Compétition qui devient féroce lorsque la nourriture vient occasionnellement à manquer sur le territoire : le taux de reproduction diminue alors, poussant les femelles à partir pour aller former un groupe séparé. Depuis les débuts du suivi, huit groupes différents ont ainsi prospéré dans le parc national.
Gardien du Temple
Il y évoquera sans nul doute également son amitié indéfectible avec Jane, sur laquelle il veillait lorsqu’elle revenait – de plus en plus rarement – se ressourcer dans ces lieux qui semblent figés au siècle dernier.
Mais sa fierté, dit-il, c’est d’avoir contribué par sa présence à la continuité de fonctionnement du centre de recherche,
dont il est devenu le farouche protecteur pendant que Jane sillonnait le monde pour sensibiliser les plus jeunes au fragile équilibre entre les hommes, les animaux et la nature (programme Roots and Shoots)
La nuit tombée, sur la terrasse du modeste logement qu’il occupe depuis le premier jour, cet homme chaleureux et d’une humilité rare nous a confié être optimiste quant à la survie de l’espèce.
« Les babouins ne sont pas capables comme les chimpanzés d’utiliser des outils ou de planifier, mais leur intelligence – il faut avoir vu un jeune babouin se jouer de la triple fermeture éclair de sa tente pour en être convaincu – , …
…l’organisation des groupes, leur solidarité sans faille et surtout l’opportunisme dont ils font preuve leur garantissent un avenir radieux ».
Il imagine d’ailleurs bien les babouins, débrouillards comme il aime à les définir et capables de s’adapter aux changements climatiques – aussi bien dans des régions forestières que dans des déserts – et à la perte de leur habitat, survivre à l’espèce humaine en cas de conflit majeur….
Sans doute pense t’il à ce moment précis aux trop fréquents affrontements, récents comme passés, dans ces pays riverains du lac : République Démocratique du Congo, Burundi, ou Rwanda tout proche, alimentant les nombreux camps de réfugiés présents dans la région.
Comme pour illustrer son propos, il pointe du doigt une embarcation vide qui vient probablement de décharger son lot de réfugiés du Burundi voisin.
Contraste saisissant entre les eaux calmes et limpides du lac et le tumulte des collines avoisinantes torturées par le bruit des armes depuis des décennies.
Note : durant ce reportage, j’ai eu l’immense privilège d’être reçu par Jane Goodall, lors d’un bref séjour à son domicile situé dans l’enceinte du siège de l’association à Kigoma.

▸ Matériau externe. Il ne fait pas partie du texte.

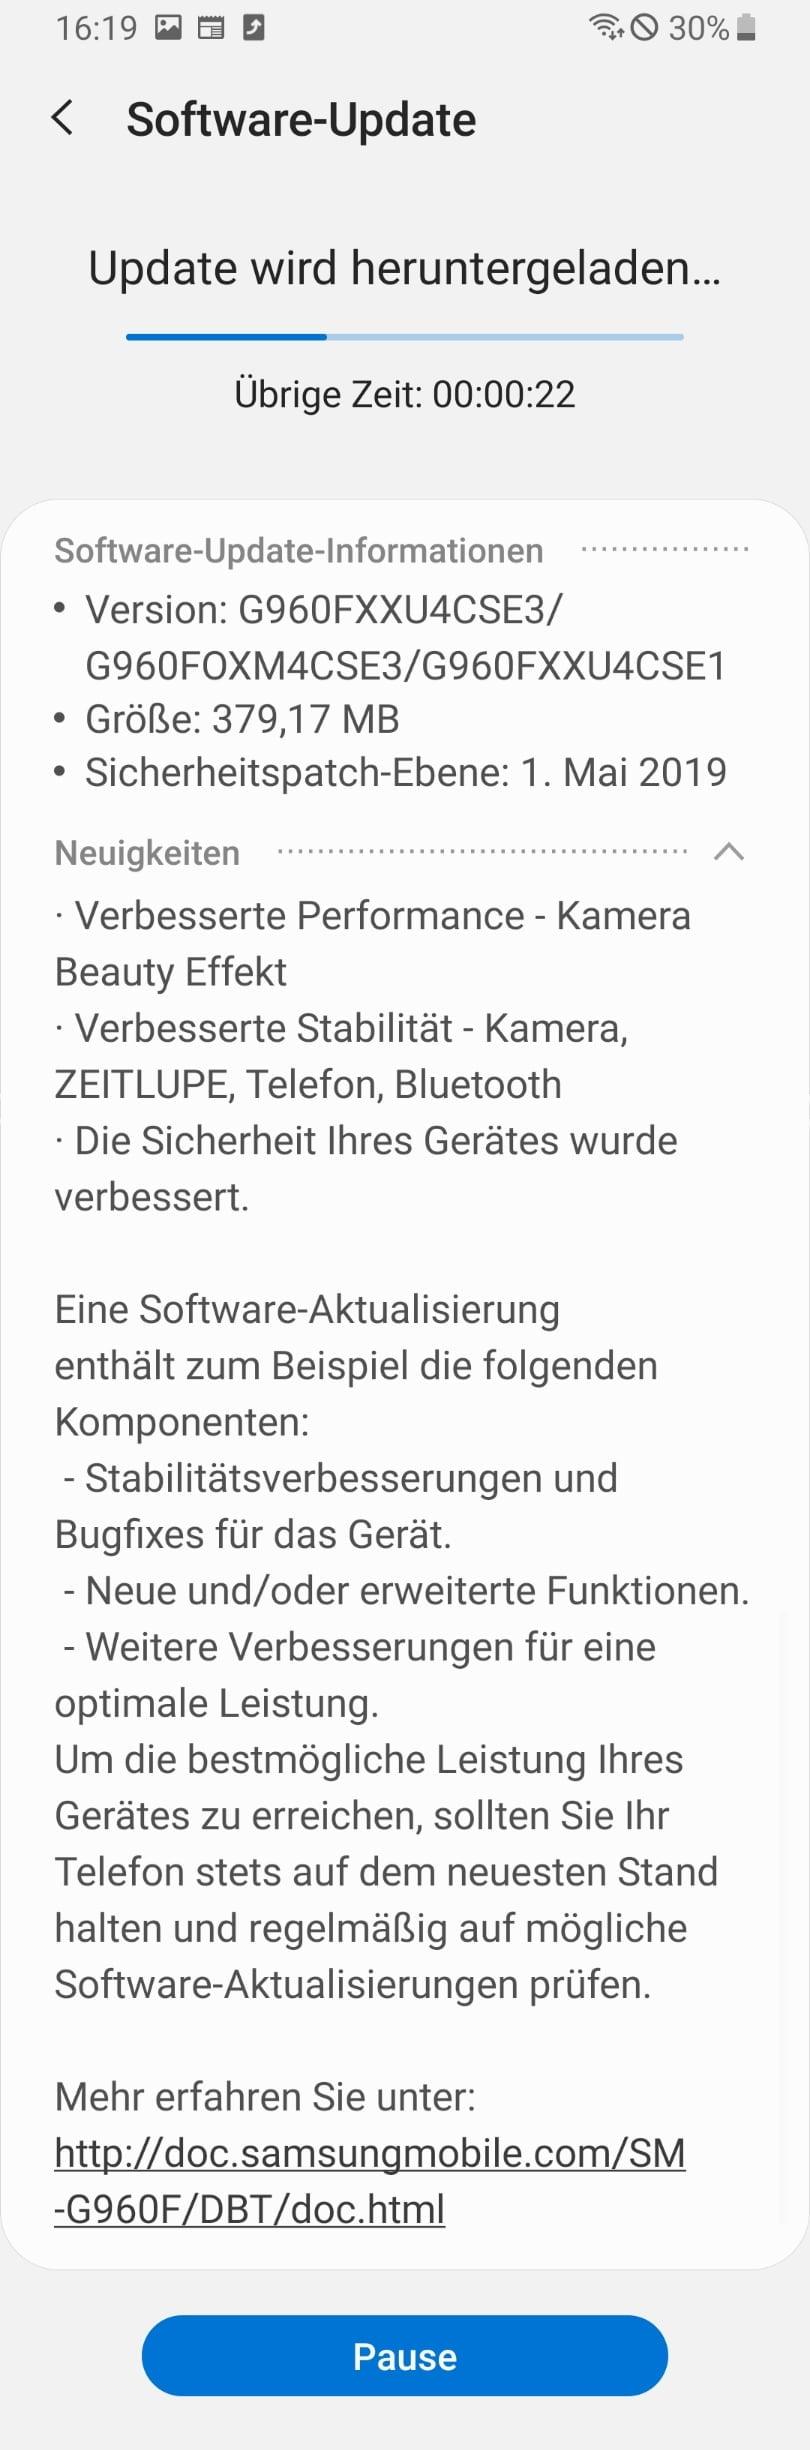 Galaxy S9 Update: Samsung bessert bei der Kamera nach techboys.de • smarte News, auf den Punkt!

Une heure hors du temps, durant laquelle la douceur, la bienveillance et l’engagement sans failles – sous une apparente fragilité – de cette dame extraordinaire m’auront marqué à jamais.
Elle devait nous quitter quelques mois plus tard…
Un grand merci à Galitt Kenan, Directrice Générale de l’entité Française du Jane Goodall Institute, pour m’avoir facilité l’accès à ce magnifique sanctuaire Tanzanien.